Joseph Overaitis January 12, 2022 - 10:55 pm

Jason

Welcome to the boards. On these boards I am always looking at the numbers.

https://blog.gocollect.com/the-impact-of-changing-demographics-comic-book-investing/

In that article I looked at the changing demographics in comics and how the population is aging. In that part I analyzed some numbers that people should be aware of when it comes to collectors. Miles was analyzed in that article but it also has a link to another article I looked at Miles numbers.

https://blog.gocollect.com/6-month-review-ultimate-fallout-4-ive-changed-my-mind/

Here is where I reviewed a person who changed his mind on buying UF4. I looked at the numbers to see what changed his mind beyond the selling prices.

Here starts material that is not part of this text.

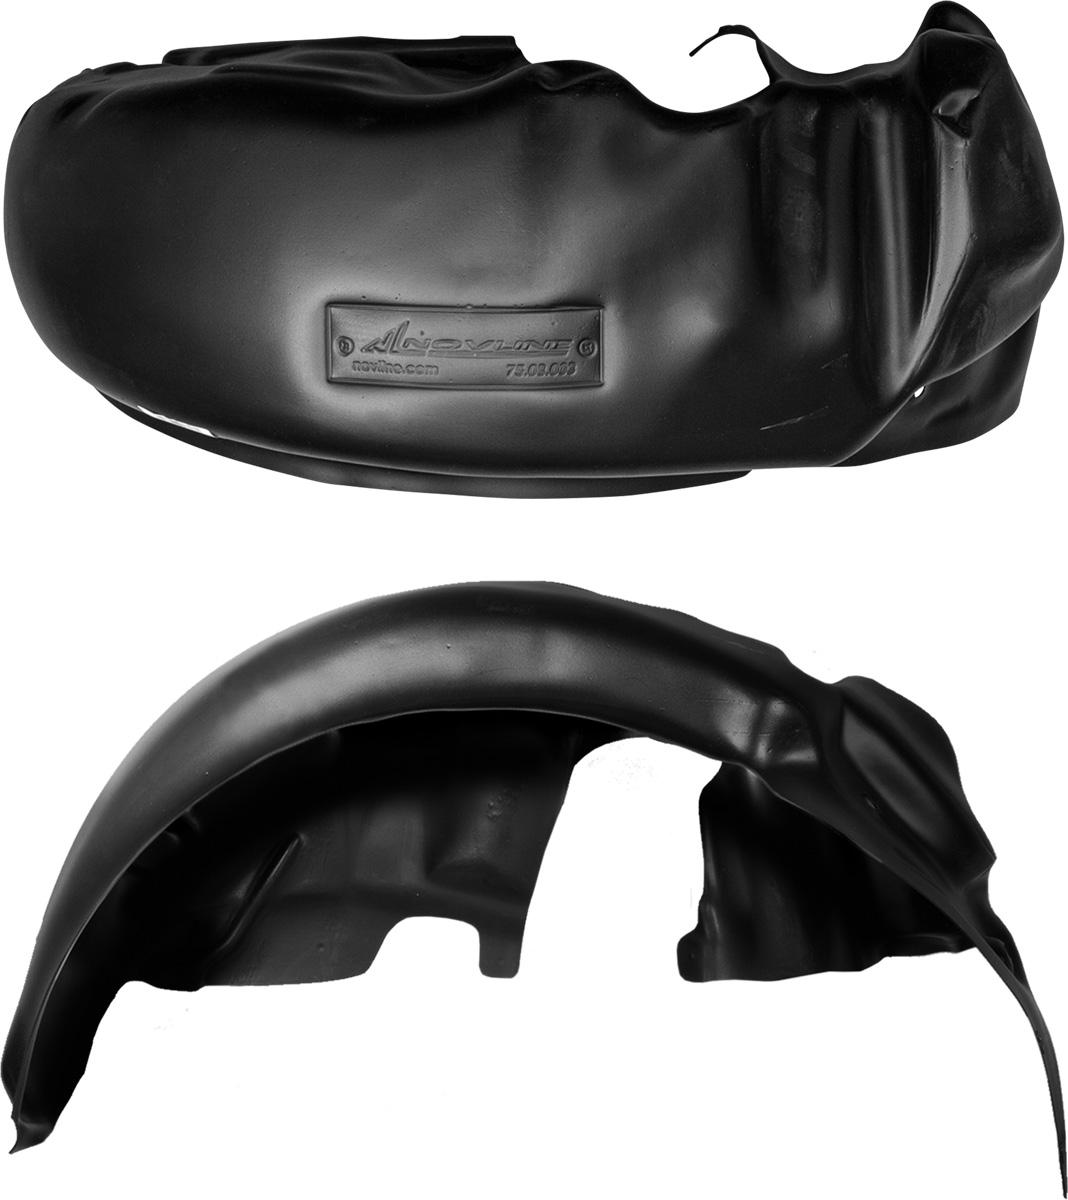 Подкрылок GREAT WALL Hover 2006-2010, задний правый80621Колесные ниши – одни из самых уязвимых зон днища вашего автомобиля. Они постоянно подвергаются воздействию со стороны дороги. Лучшая, почти абсолютная защита для них - специально отформованные пластиковые кожухи, которые называются подкрылками, или локерами. Производятся они как для отечественных моделей автомобилей, так и для иномарок. Подкрылки выполнены из высококачественного, экологически чистого пластика. Обеспечивают надежную защиту кузова автомобиля от пескоструйного эффекта и негативного влияния, агрессивных антигололедных реагентов. Пластик обладает более низкой теплопроводностью, чем металл, поэтому в зимний период эксплуатации использование пластиковых подкрылков позволяет лучше защитить колесные ниши от налипания снега и образования наледи. Оригинальность конструкции подчеркивает элегантность автомобиля, бережно защищает нанесенное на днище кузова антикоррозийное покрытие и позволяет осуществить крепление подкрылков внутри колесной арки практически без дополнительного крепежа и сверления, не нарушая при этом лакокрасочного покрытия, что предотвращает возникновение новых очагов коррозии. Технология крепления подкрылков на иномарки принципиально отличается от крепления на российские автомобили и разрабатывается индивидуально для каждой модели автомобиля. Подкрылки долговечны, обладают высокой прочностью и сохраняют заданную форму, а также все свои физико-механические характеристики в самых тяжелых климатических условиях ( от -50° С до + 50° С).

Jason what always scares me is the numbers. Less younger fans buying this book scares me. An older population of collectors versus a younger book that they may not have an interest beyond his MCU potential scares me. I agree that he is a generational character but one has to ask who are holding those books and what are they waiting for? Most I know are waiting for the MCU payday,but will that mean a long term success for the book. I am seeing those same people now buying the first appearance of SpiderGwen too. These people are looking to make a killing. Everyone is grading their books but what scares me is what happens if they start to flood the market. The baseball card craze i too bought all those cards but the problem I had was when EVERYONE went to sell them. Cards I purchased for hundreds were not worth much anymore. What is a great feature too on the site is you can see if a book sells again. I mean the same book. I have seen people flip this book quickly and it makes me again wonder. This is a book that might be a nice part of your portfolio but be wary of investing in it to the point it makes up a large part. In articles I post I mention diversification of your comic book investment portfolio and people read one recommendation and assume I am against a book. UF4 to me is being placed as a blue chip stock that can not lose its value and will only go up. That is what scares me.

Joseph Overaitis January 11, 2022 - 10:11 am

PS Jack

You may want to read my upcoming article on grading where I talked with the president of CGC. Great insight on grading and books.

Reply
spidertim January 11, 2022 - 11:54 pm

excellent advice on this article!

Reply
Joseph Overaitis January 12, 2022 - 10:31 pm

Thank you. We try to put forth good articles that will help our readers.